**What the task requires**
A faithful copy of the listing below is needed, one that contains no pictures.

**Recorded information**
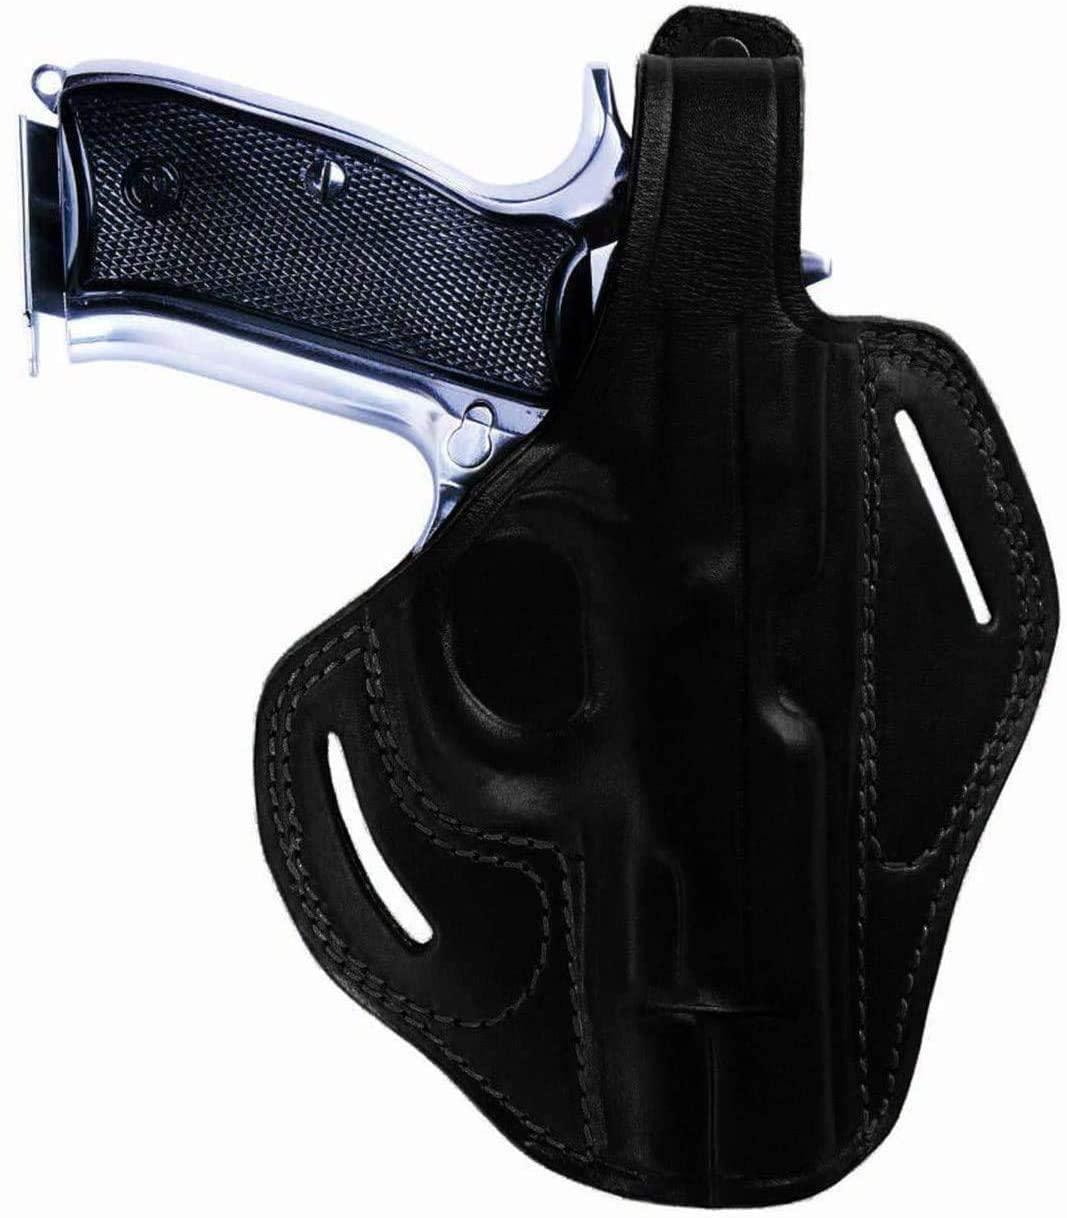 KoHolster Concealed Carry|Leather |OWB| Belt Gun Holster
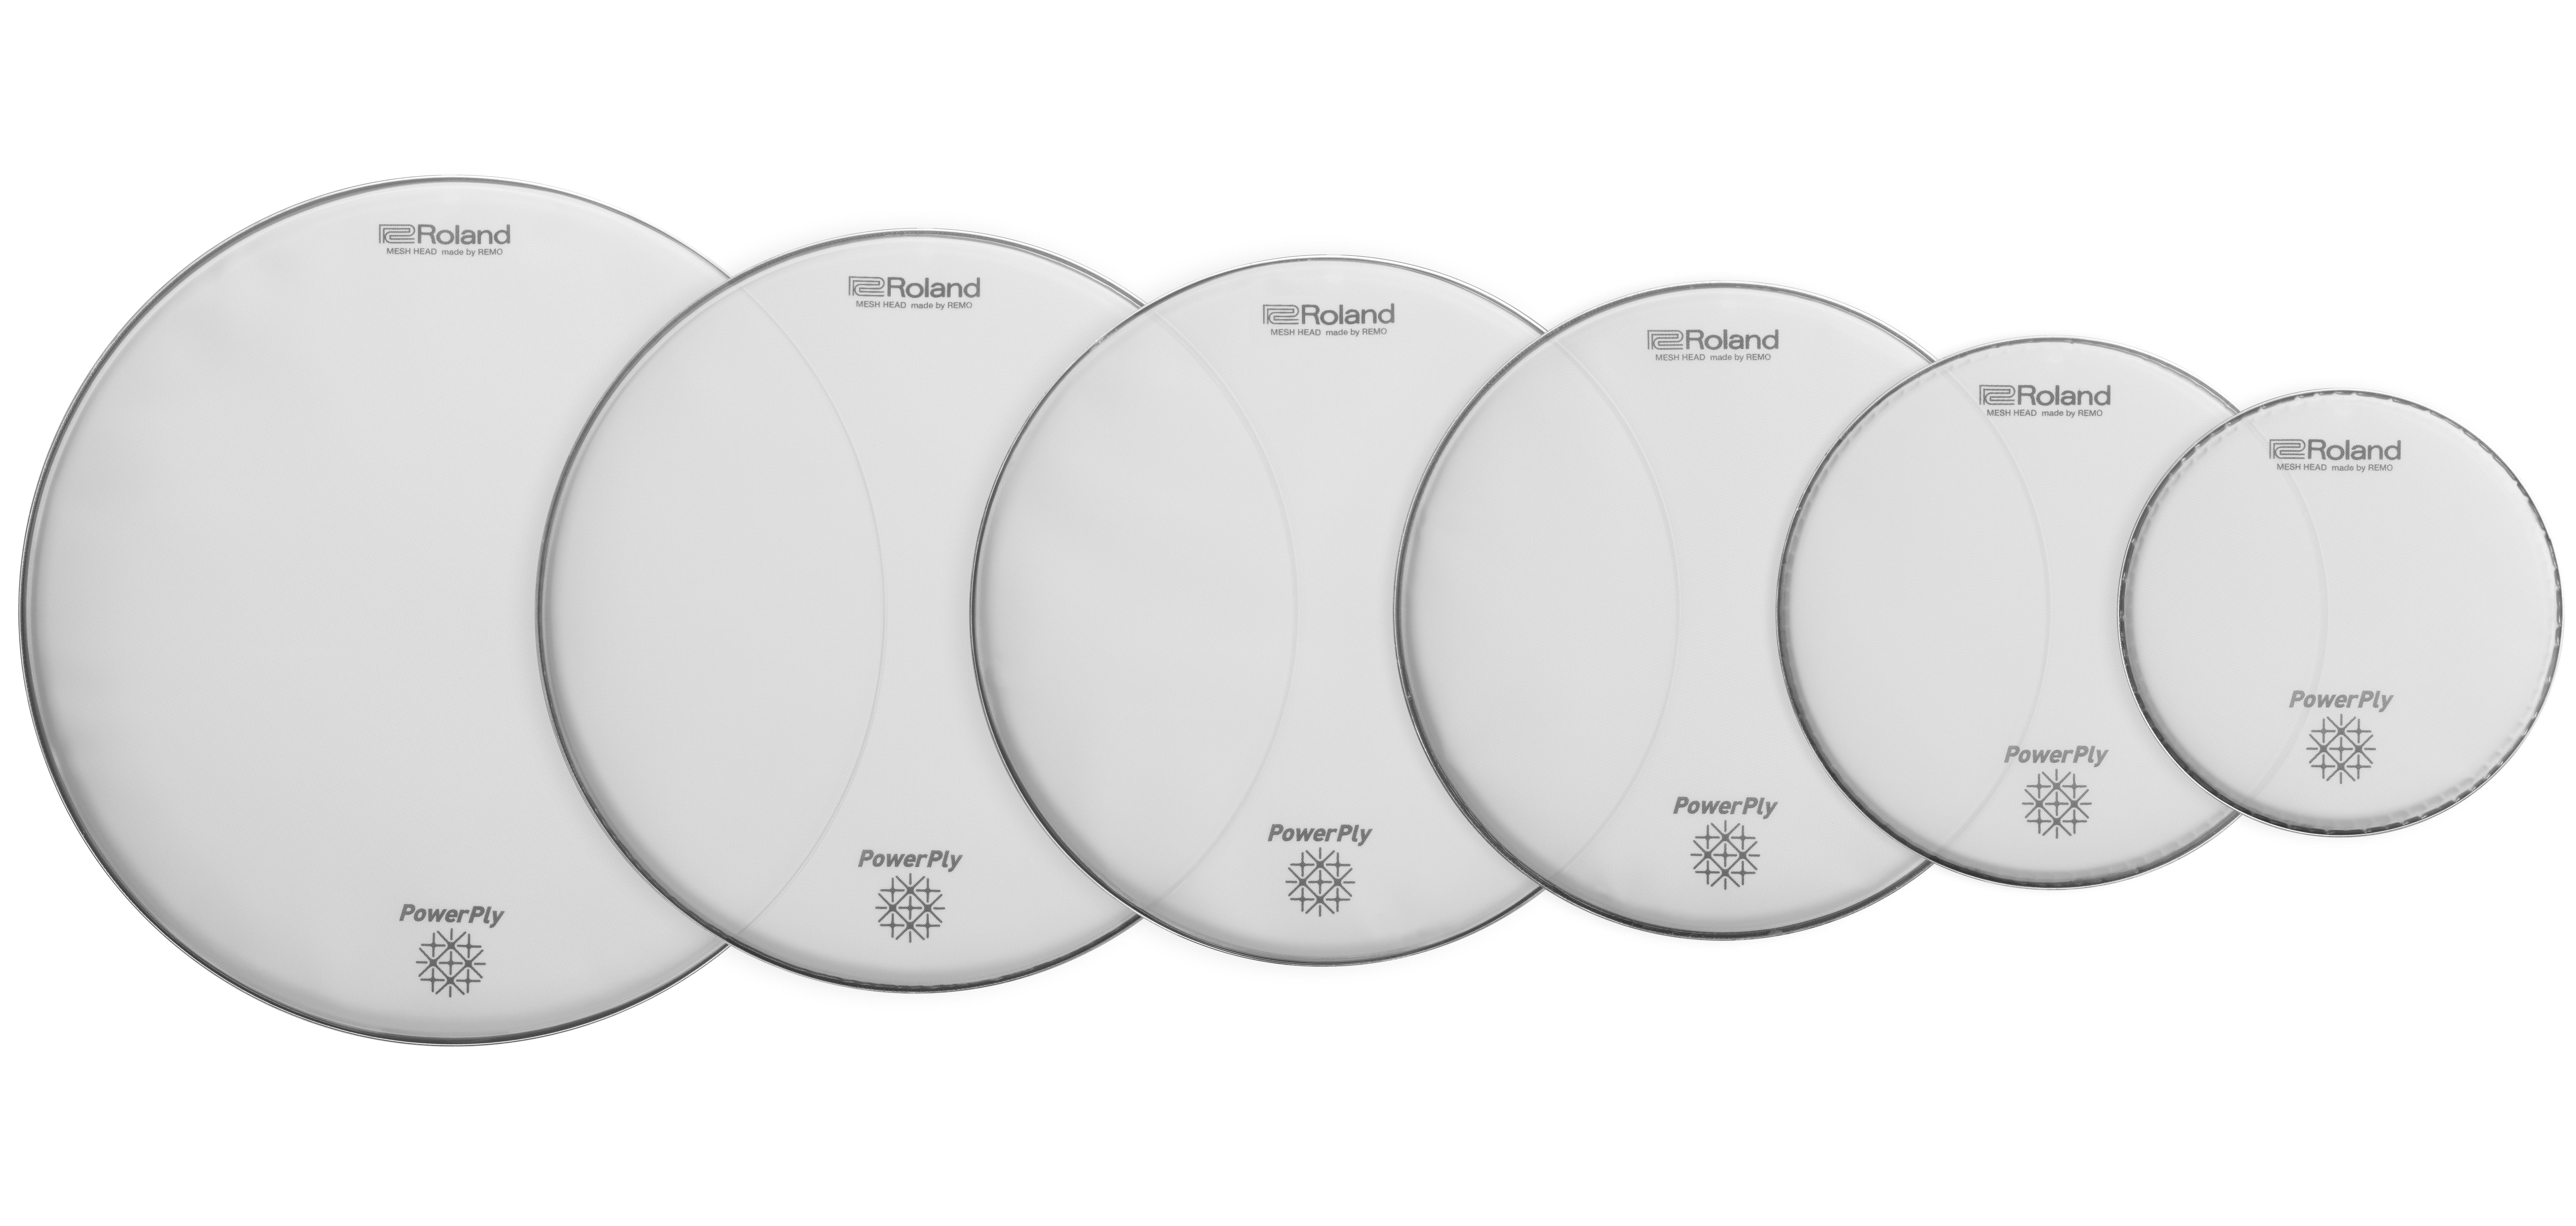 Batteries & Percussions - PEAUX - BATTERIE - ROLAND - MH2-13 - Royez Musik
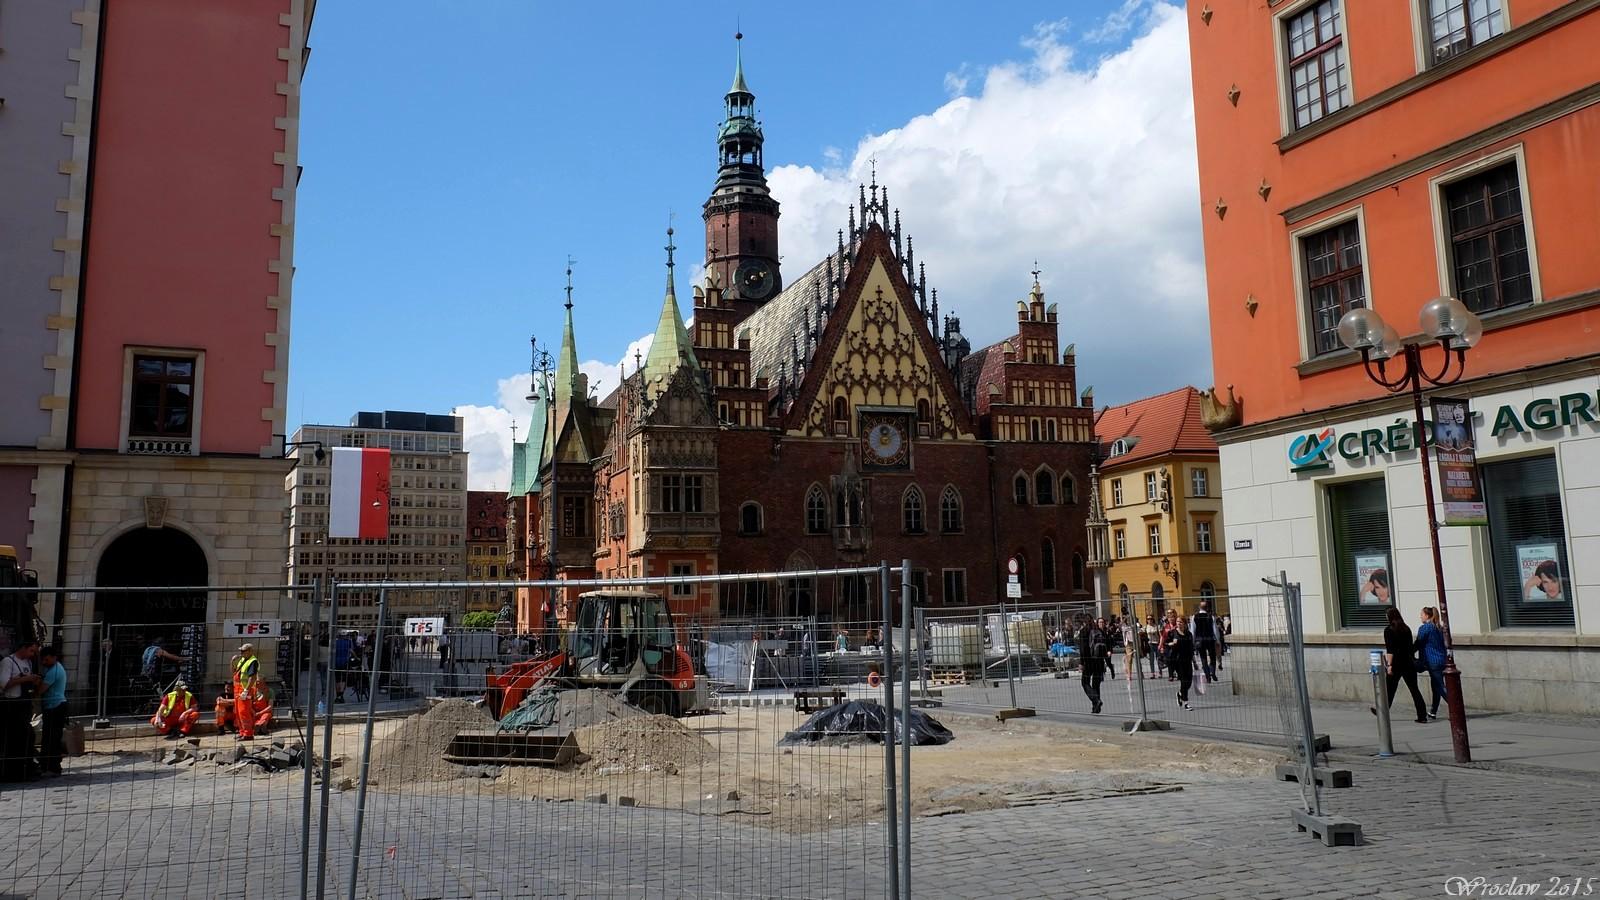 ulica Olawska, Wroclaw, Poland
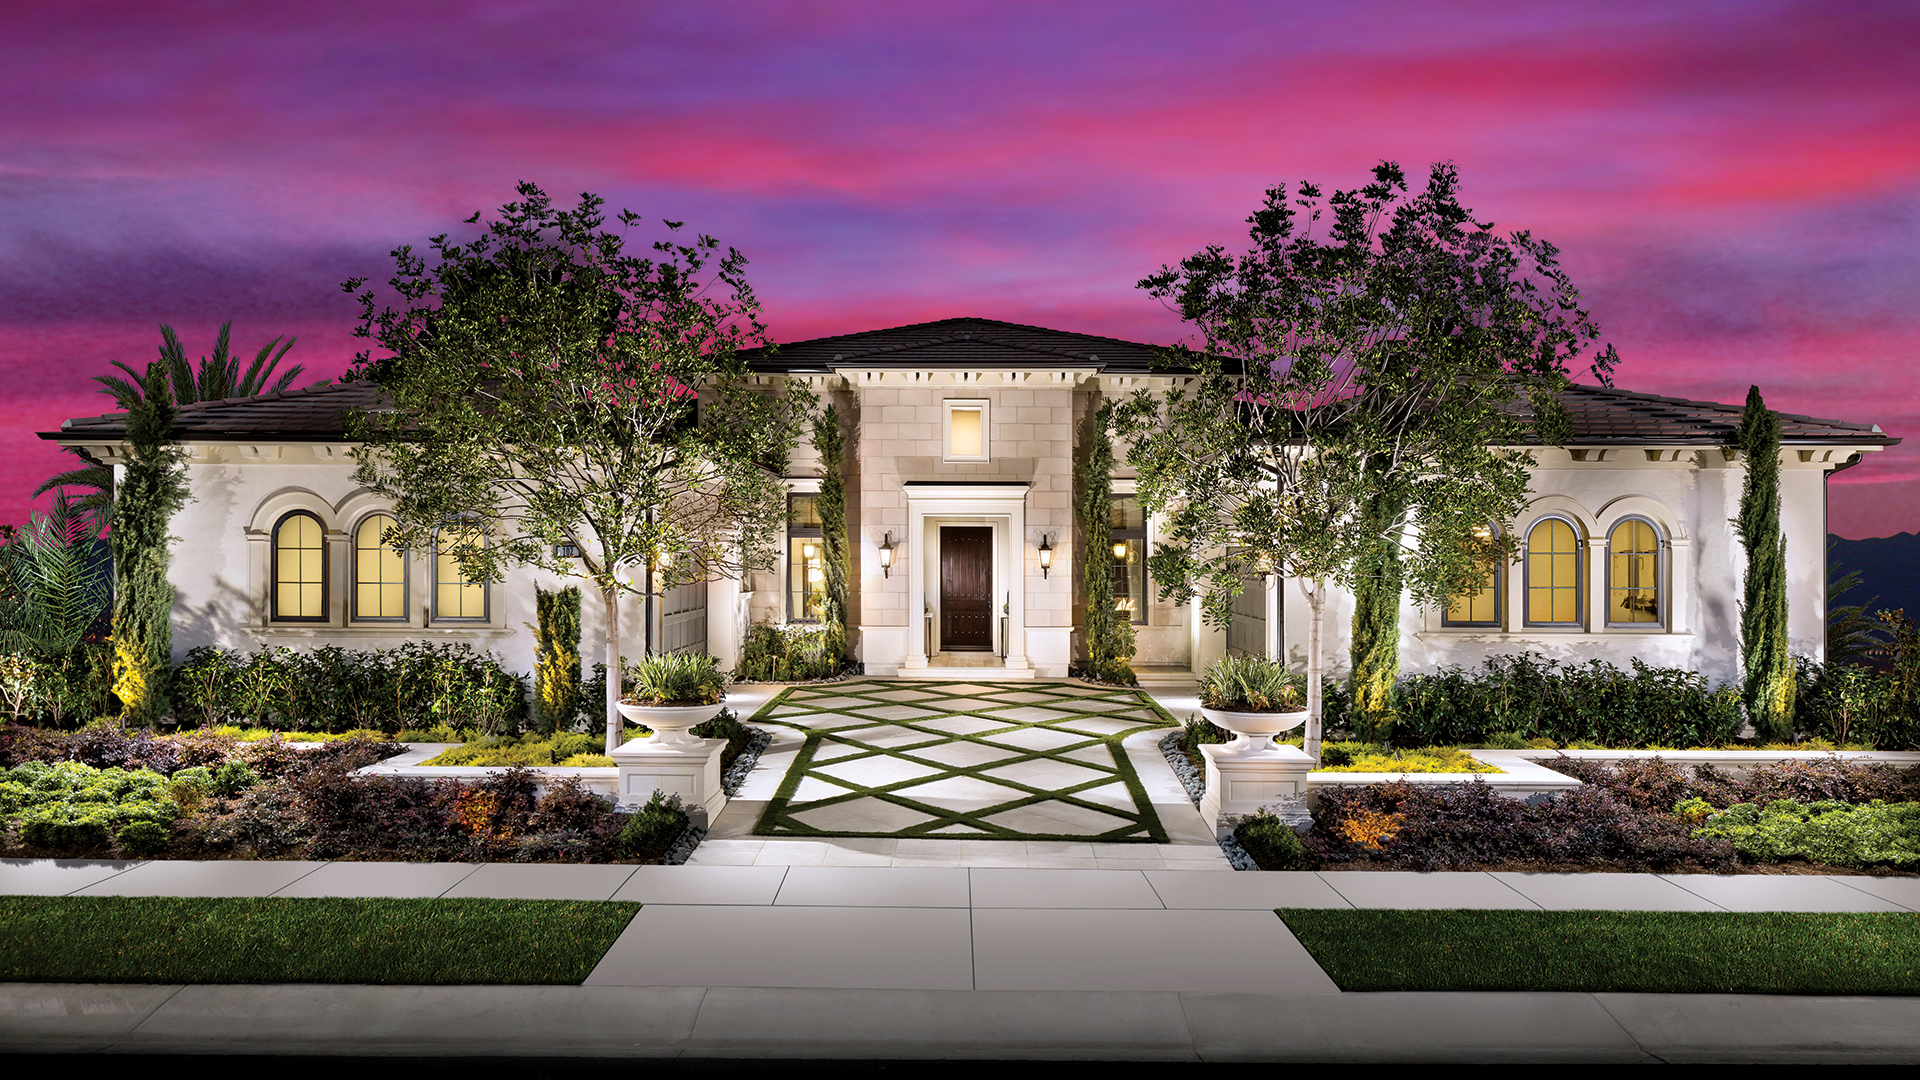 New Luxury Homes For Sale In Rocklin Ca Oakcrest

**Result for this exercise**
 KoHolster Concealed Carry|Leather |OWB| Belt Gun Holster
 Batteries & Percussions - PEAUX - BATTERIE - ROLAND - MH2-13 - Royez Musik
 ulica Olawska, Wroclaw, Poland
 New Luxury Homes For Sale In Rocklin Ca Oakcrest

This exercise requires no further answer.